Examining a variety of glaciers in the Swiss Alps between the cantons of Bern and Valais, Scherrer Institute researchers found 80 percent of the glacial retreat experienced in the region occurred before 1875, before the levels of soot in the air began to rise above historical background levels across Central Europe from industrialization, and long before human civilization began significantly adding greenhouse gases into the atmosphere after the 1950s.

Alpine glaciers reached their peak during the middle of the Little Ice Age, which lasted from 1300 to 1870, and this research shows they began to decline even before most scientists say it officially ended. The decline accelerated just before and after the Little Ice Age ended.

SOURCE: Swiss Info


AUSTRALIA, JAPAN, REJECT ENDING COAL

Reports indicate Australia and Japan are scaling back their commitments to cut carbon dioxide emissions by ending the use of coal for electric power generation. Their governments’ decisions to continue the use of coal to generate electricity arrive despite the IPCC’s recent report saying governments must make steeper emission reductions than they promised under the Paris climate accord, in part by ending the use of fossil fuels by 2050, if not before.

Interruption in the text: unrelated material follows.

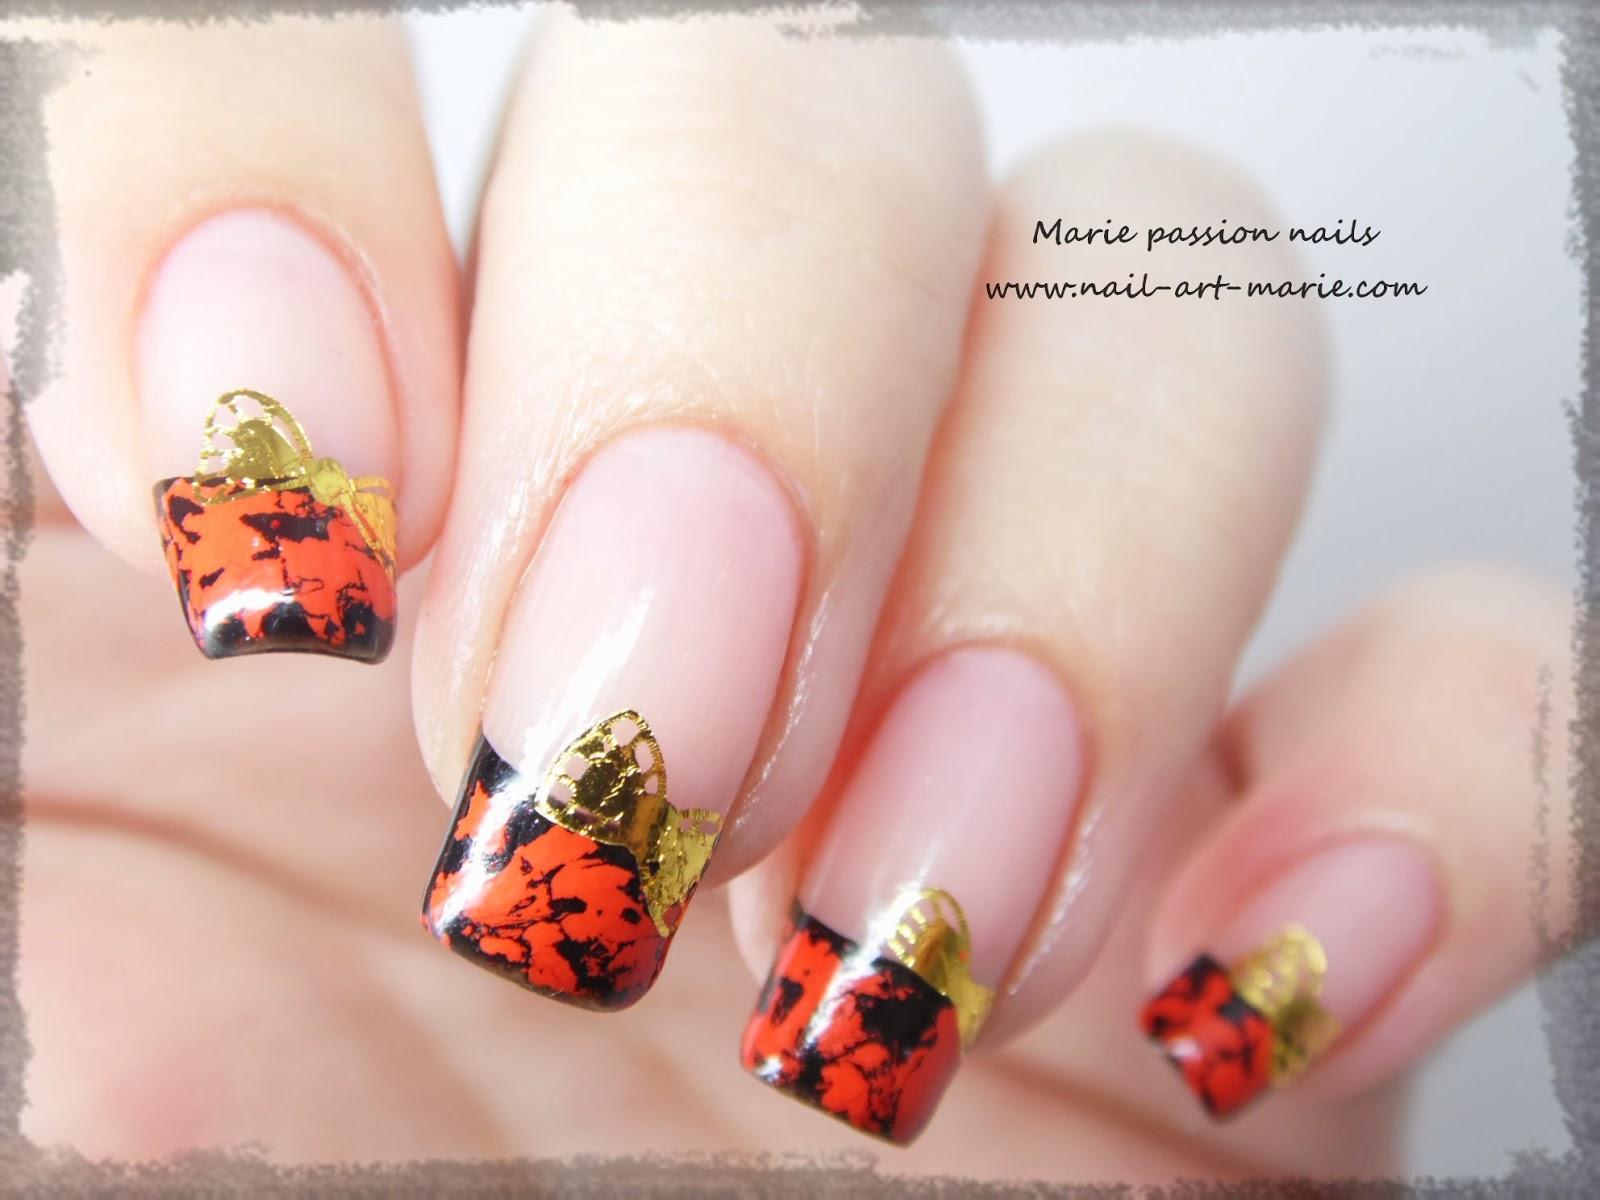 Nail Art avec craquelures de foils matte3

The BBC and SBS News report Australia’s Deputy Prime Minister and its Environment Minister have both said the country would maintain its use of coal and continue mining and exporting coal for use by other countries, despite the IPCC report.

Coal generated approximately 62 per cent of Australia’s electricity in 2016 and 2017, while renewable sources such as hydro, solar, and wind generated only 15.6 per cent of the country’s electric power.

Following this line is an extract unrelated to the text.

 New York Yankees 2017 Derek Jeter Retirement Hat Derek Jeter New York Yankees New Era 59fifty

Deputy Prime Minister Michael McCormack made it clear the Australian government will not force utilities to phase out their use of coal in the near future. “I’m very much supportive of the coal industry,” McCormack told Sky News on October 8. “I understand the IPCC report, and I’ll certainly consider what it has to say, but the fact is coal mining does play an important part of our energy mix in Australia and will do so going forward.”

Japan has also indicated it would be impossible for it cease using coal to generate electricity by 2050.

Japan’s ambassador to Australia, Sumio Kusaka, said Japan will need to increase its use of coal in the immediate future, regardless of the IPCC’s report.

“I am aware the recent IPCC report contains some firm recommendations in relation to coal,” Kusaka told The Australian. “However, Japan is a country with very limited resources of its own, and bearing in mind our energy-security requirements, it would be difficult for us to eliminate coal-fired power altogether.”

Kusaka said Japan, which was the largest importer of Australian coal for electric power generation in 2017, would continue to buy coal from Australia to secure its energy needs in the coming decades.